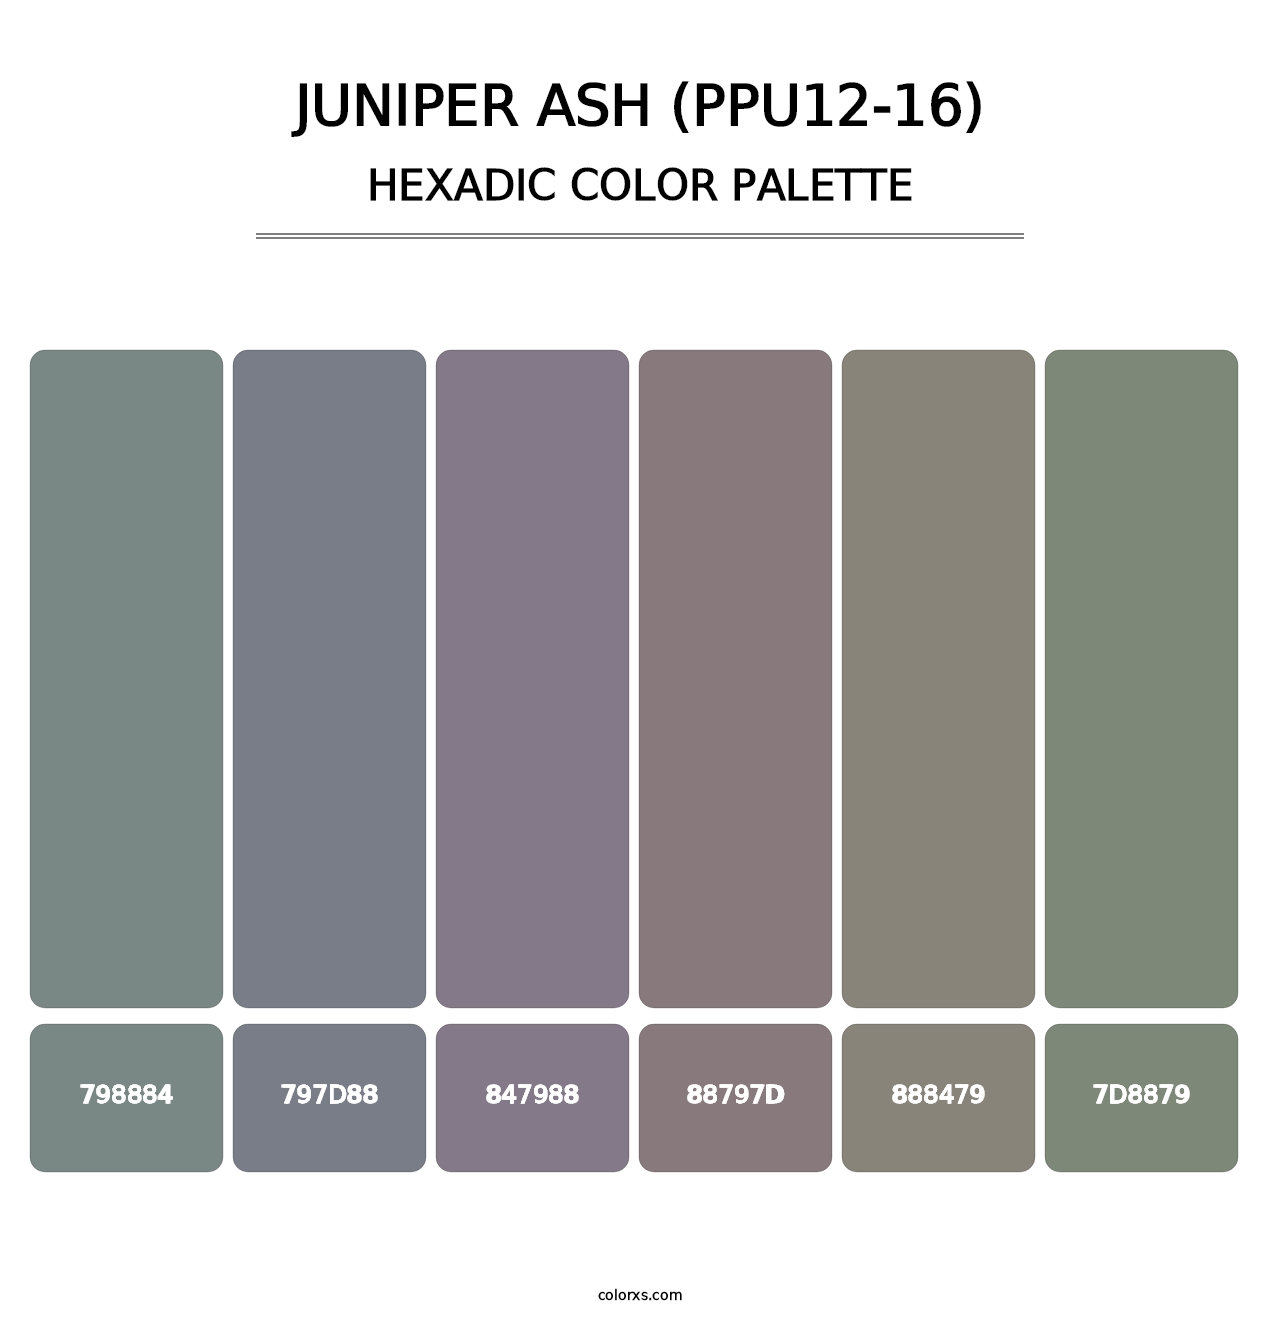 Juniper Ash (PPU12-16) - Hexadic Color Palette
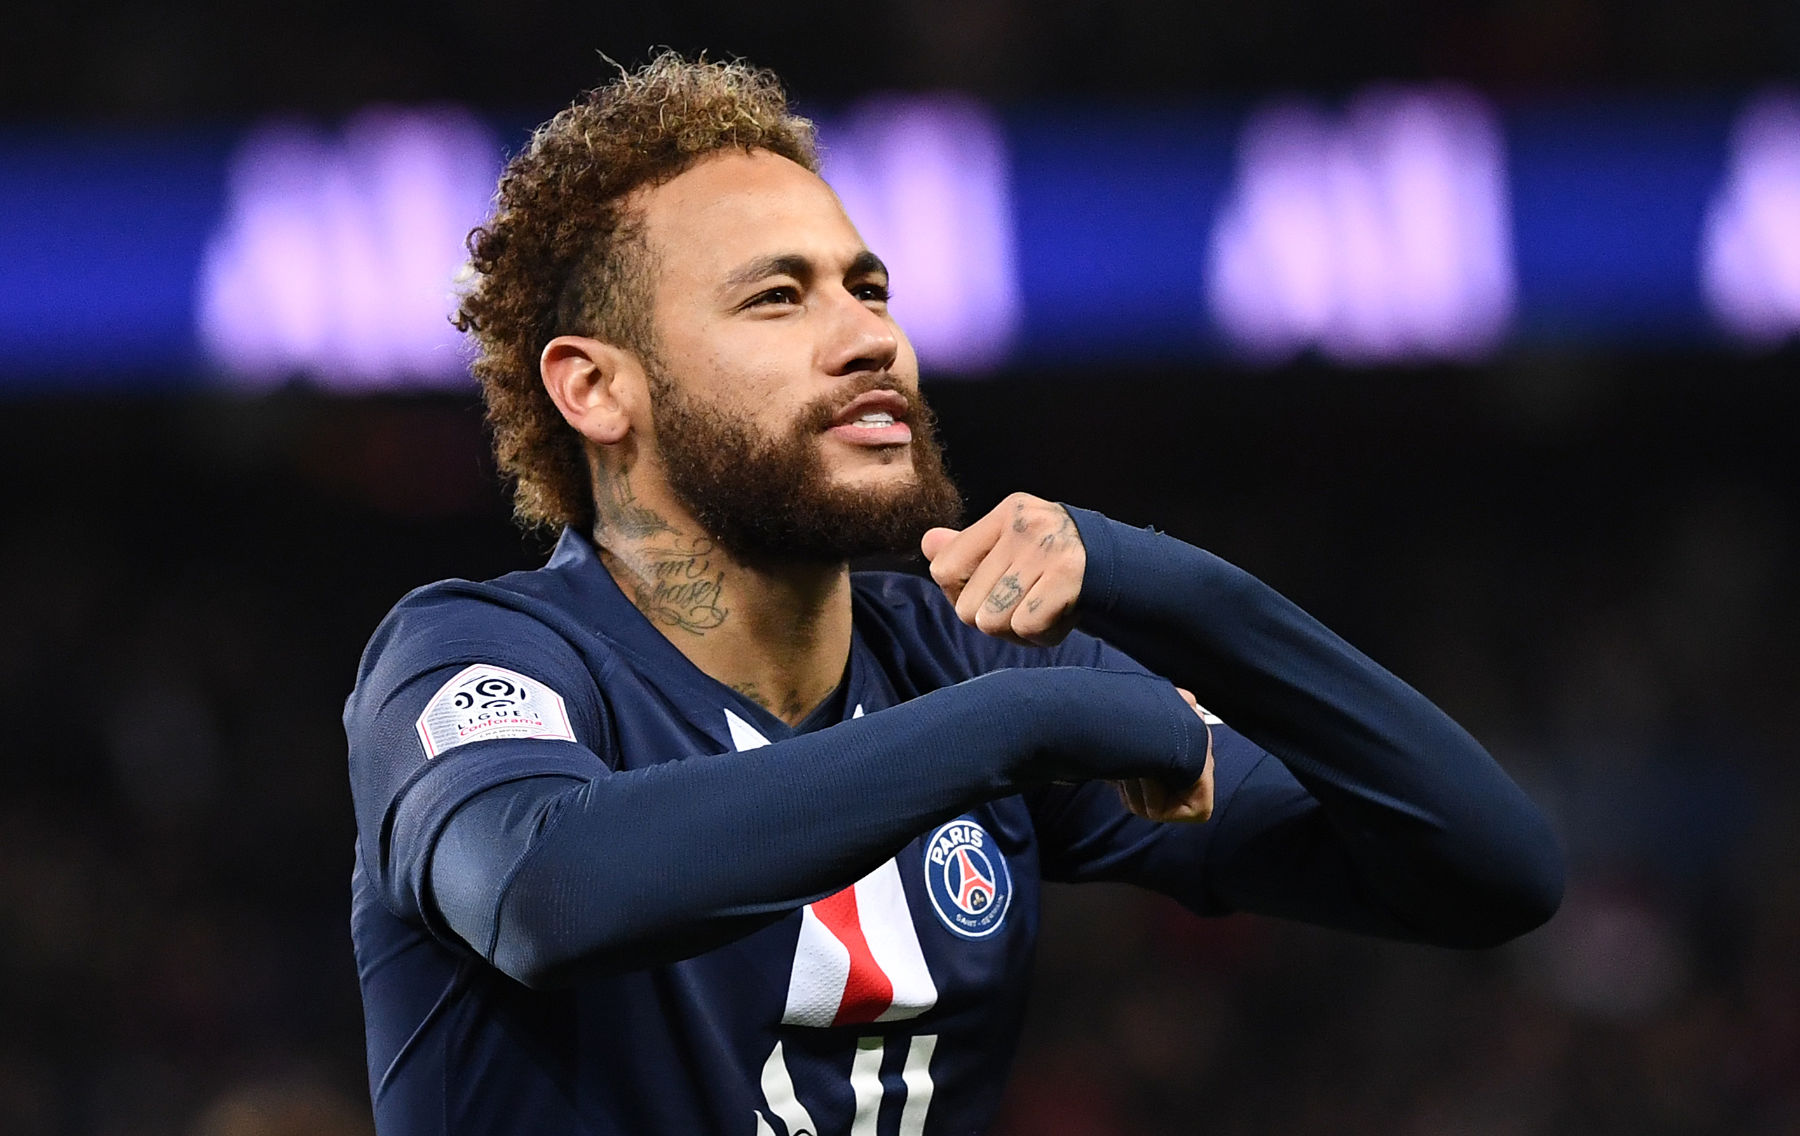 Neymar-goal-celebration-PSG-vs-Amiens-Ligue-1-2019
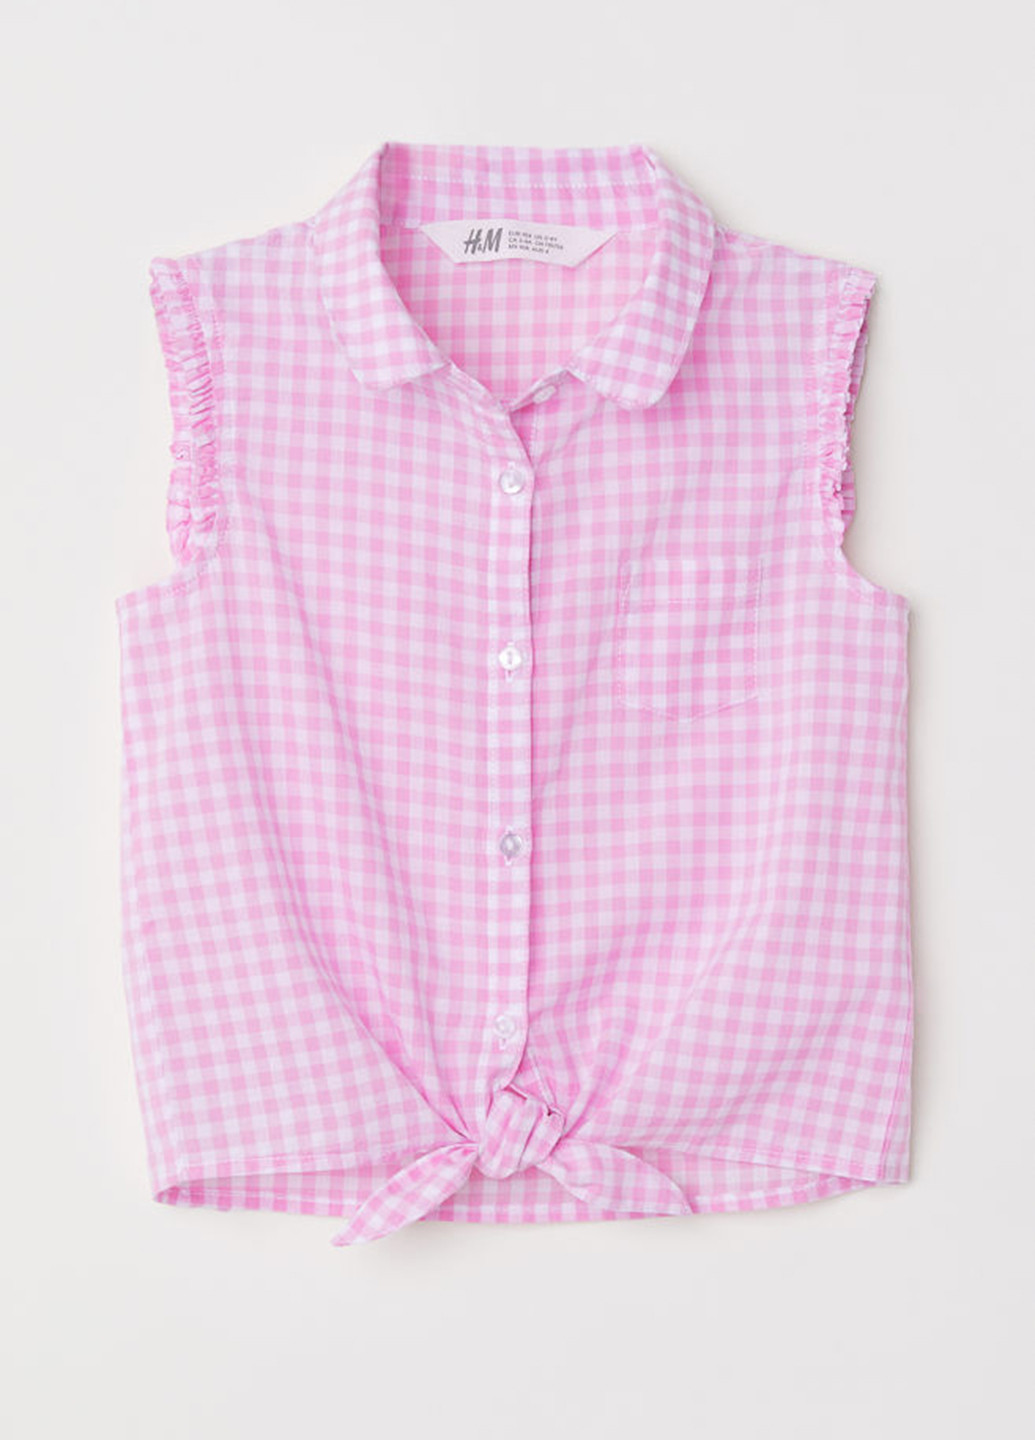 Светло-розовая в клетку блузка H&M летняя

___

WHAT IS EXPECTED: Give back the listing exactly, without a single picture.

WRITTEN RESPONSE:
 Juniper Ash (PPU12-16) - Hexadic Color Palette
 Neymar-goal-celebration-PSG-vs-Amiens-Ligue-1-2019
 Светло-розовая в клетку блузка H&M летняя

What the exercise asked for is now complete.